6. The gas barrier resin composition according to the above.
The gas barrier resin composition according to any one of claims 1 to 8, which contains carboxylic acid in an amount of 30 ppm or more and 1000 ppm or less in terms of carboxylic acid root.
The gas barrier resin composition according to any one of claims 1 to 9, which contains 1 ppm or more and 1000 ppm or less of metal ions.
The gas barrier resin composition according to any one of claims 1 to 10, which contains 1 ppm or more and 200 ppm or less of a phosphoric acid compound in terms of phosphorus atoms.
The gas barrier resin composition according to any one of claims 1 to 11, which contains a boron compound in an amount of 5 ppm or more and 5000 ppm or less in terms of boron atom.
A molded product comprising a layer formed from the gas barrier resin composition according to any one of claims 1 to 12.
The molded product according to claim 13, further comprising a thermoplastic resin layer.
A film or sheet comprising the molded product according to claim 13 or 14.
A packaging material comprising the film or sheet according to claim 15.
An industrial film or sheet comprising the molded product according to claim 13 or 14.
A thermoformed container comprising the molded product according to claim 13 or 14.
A cup-shaped container provided with the thermoformed container according to claim 18.
A tray-shaped container provided with the thermoformed container according to claim 18.
A blow-molded container comprising the molded product according to claim 13 or 14.

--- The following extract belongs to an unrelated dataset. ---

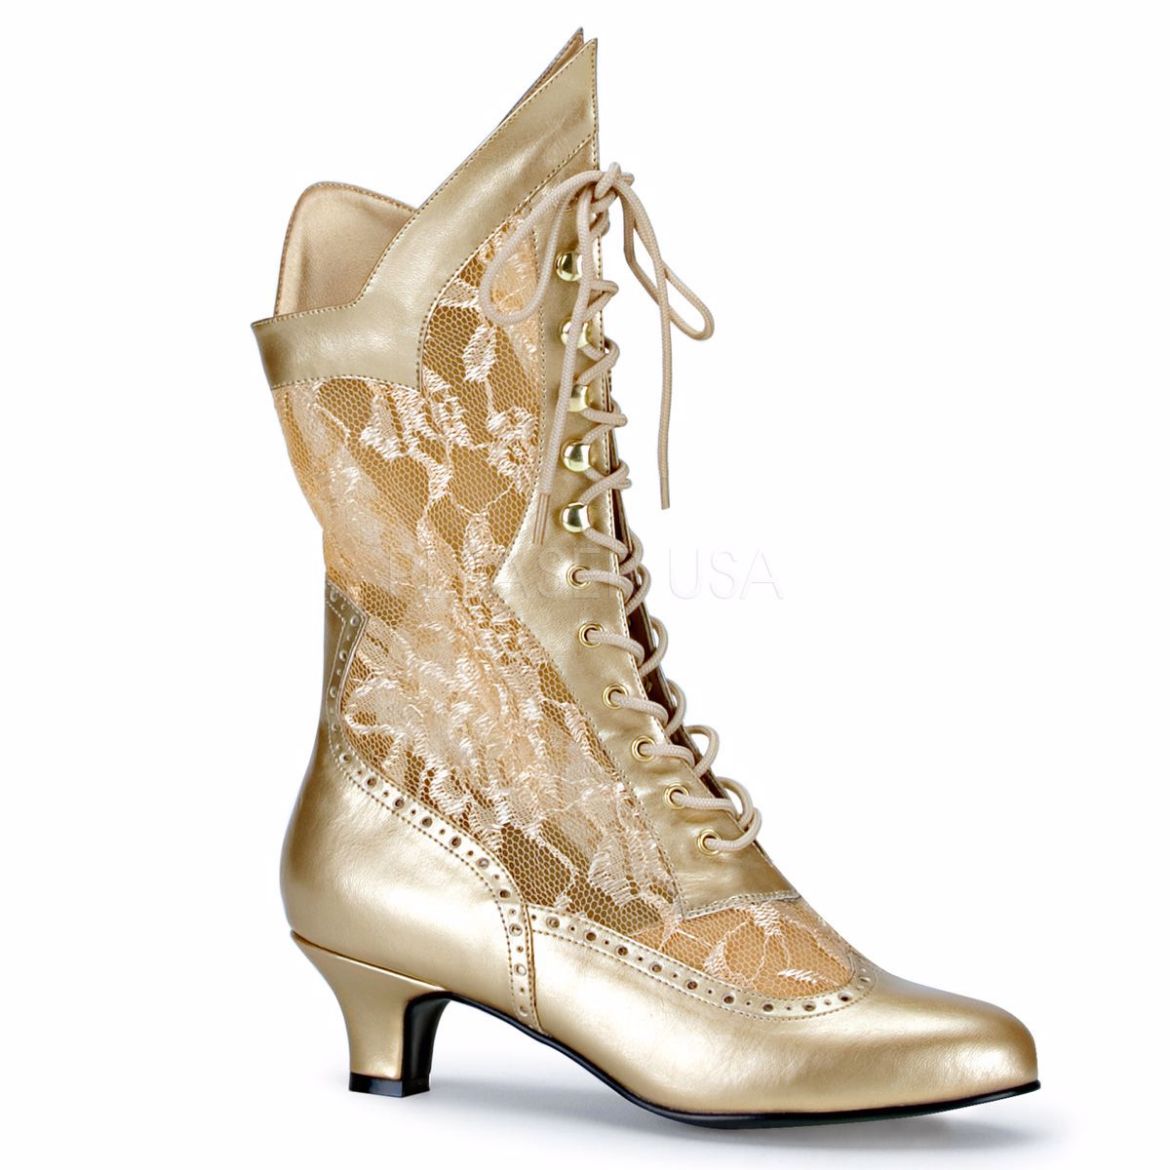 Product image of Funtasma Dame-115 Gold Pu-Lace, 2 inch (5.1 cm) Heel Ankle Boot

A fuel container comprising the blow-molded container according to claim 21.
A bottle container provided with the blow-molded container according to claim 21.
A tube comprising the molded product according to claim 13 or 14.
A multi-layer pipe comprising the molded body according to claim 13 or 14.
A paper container comprising the molded product according to claim 13 or 14.